Doug Faust, executive director of the Decatur Housing Authority, addresses the assembled guests at the Grand Opening of Trinity Walk, the DHA’s redevelopment of the former Gateway Manor and Oakview apartments at 121 West Trinity Place in downtown Decatur. Seated behind Faust are (L-R): Fred Boykin, City of Decatur Mayor Pro Tem, Dakar Gibbs, Bank of America senior vice president and David Pedrick, Southface senior technical project manager. Photo by Judith Vanderver Photography

Decatur, GA — The Decatur Housing Authority will be taking on two senior affordable housing projects in Decatur and Atlanta. To complete the projects, the city of Decatur will issue revenue bonds by the Decatur Housing Authority for the acquisition, rehabilitation and operation of Philips Tower and Calvin Court.

The city commission approved the issuance of the bonds at its Sept. 6 meeting. The city will have no financial obligations for the bonds.
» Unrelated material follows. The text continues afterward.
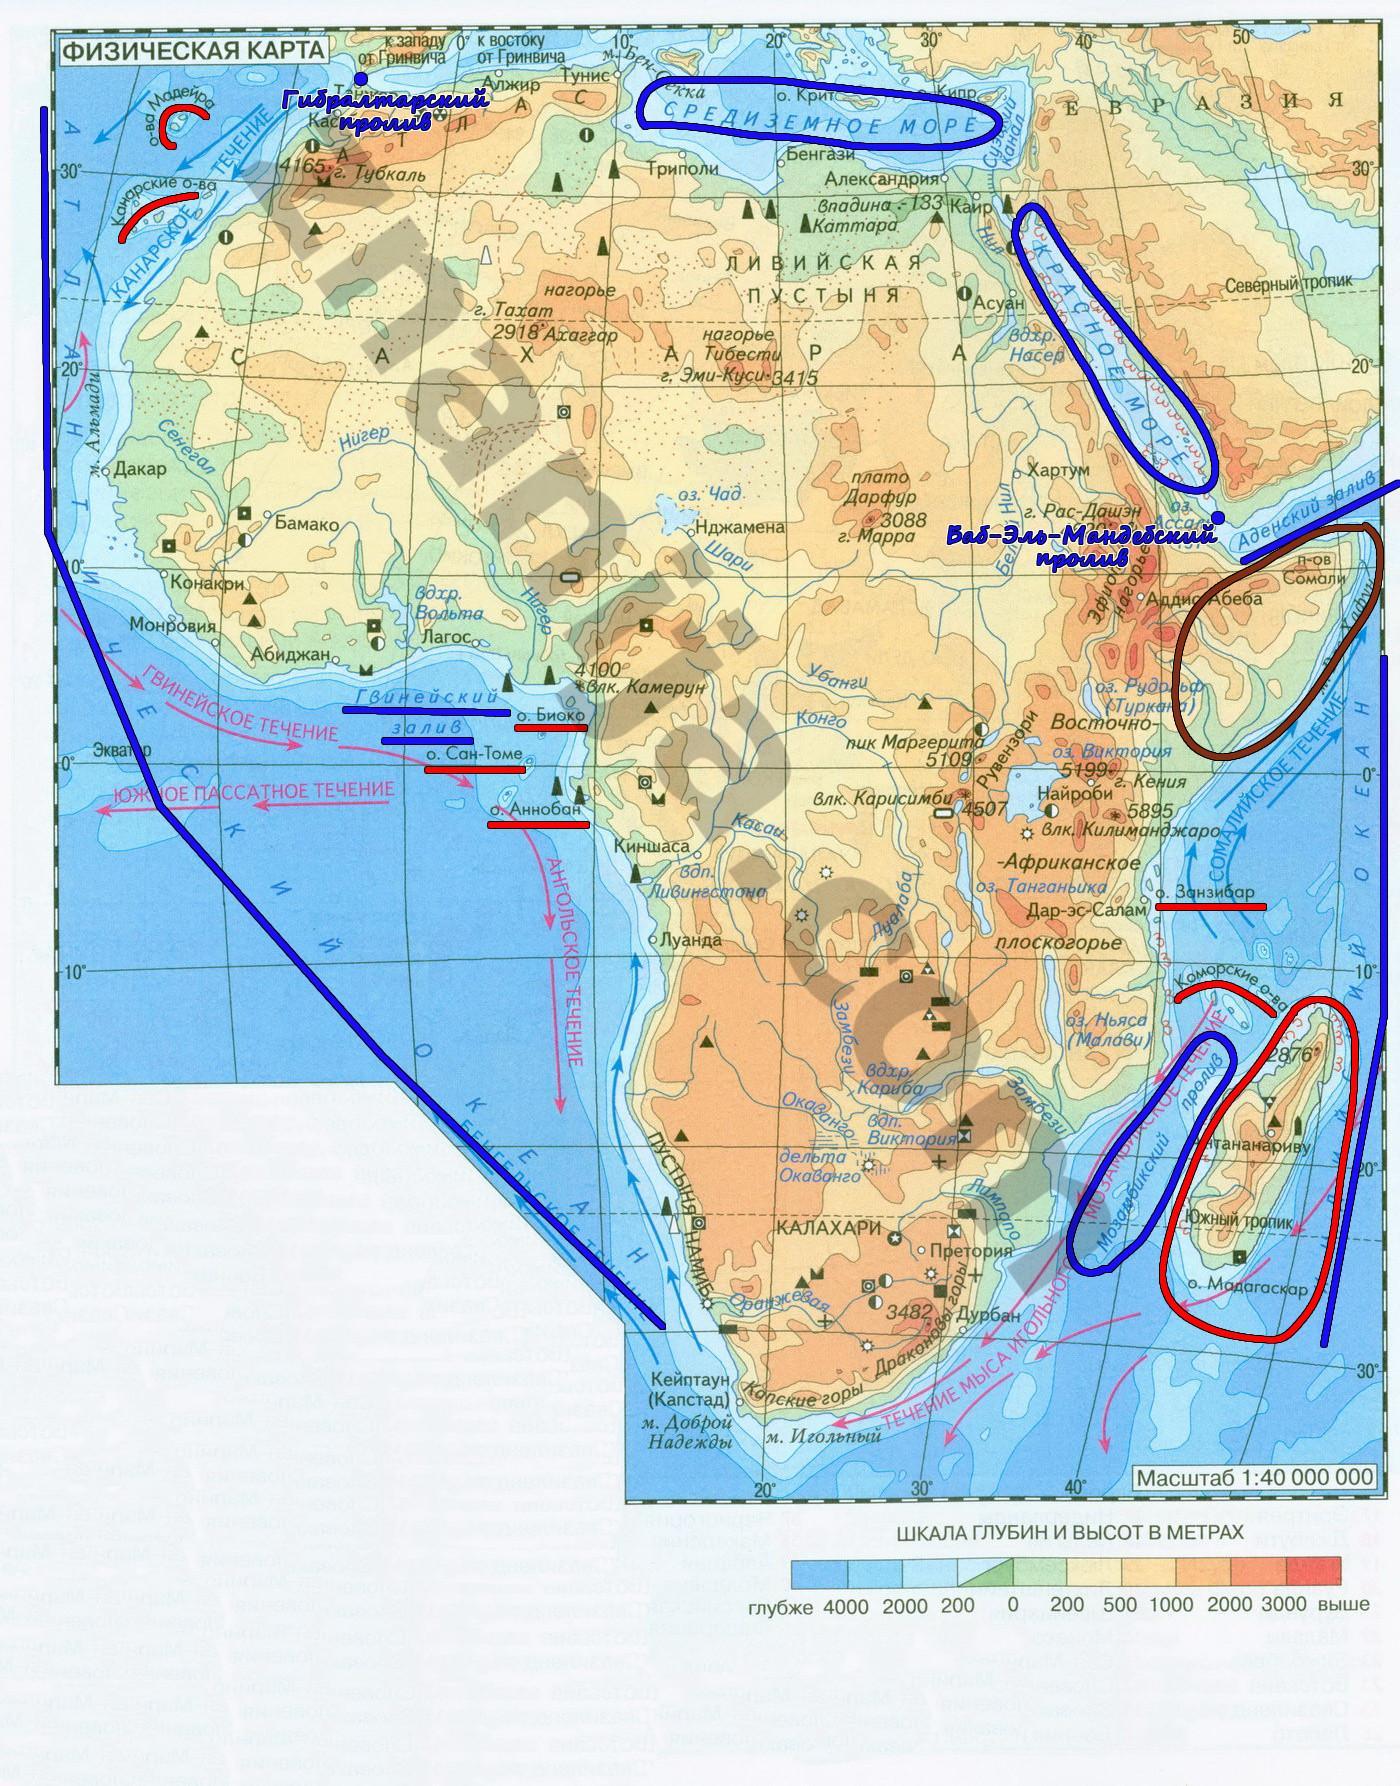 Африка береговая линия моря. Африка заливы и проливы на карте. Карта Африки океаны моря заливы проливы. Африка заливы проливы острова полуострова. Заливы и проливы и острова и полуострова Африки на карте.

“We do not, shall not, will not ever have any kind of indebtedness because of these bonds,” City Manager Andrea Arnold said.

Philips Tower is located at 218 E. Trinity Place, and the multifamily housing bonds would be for $35 million. Philips Tower was built in 1971 and has 219 one-bedroom units. About 30 units may be converted to project-based vouchers.

Calvin Court is located at 479 E. Paces Ferry Road NE in Atlanta, and the multifamily housing bonds would be for $35 million. The property was built in 1970 and is made up of 116 efficiency units and 121 one-bedroom units. Ninety-two units are under a HAP Section 8 contract, and the remaining 145 units can be converted to project-based vouchers. About 130 units are expected to be eligible for the new project-based vouchers.

“The Housing Authority has a Housing Assistance Payments contract on each of the two properties. We don’t assist all the units, but we are able to assist about 125 in the Calvin Court project and about 25 here in Decatur,” DHA Executive Director Doug Faust said. “There are other subsidized units that HUD has a direct HAP contract on, and those units will all still continue to be affordable and still all be calculated at 30% of someone’s income.”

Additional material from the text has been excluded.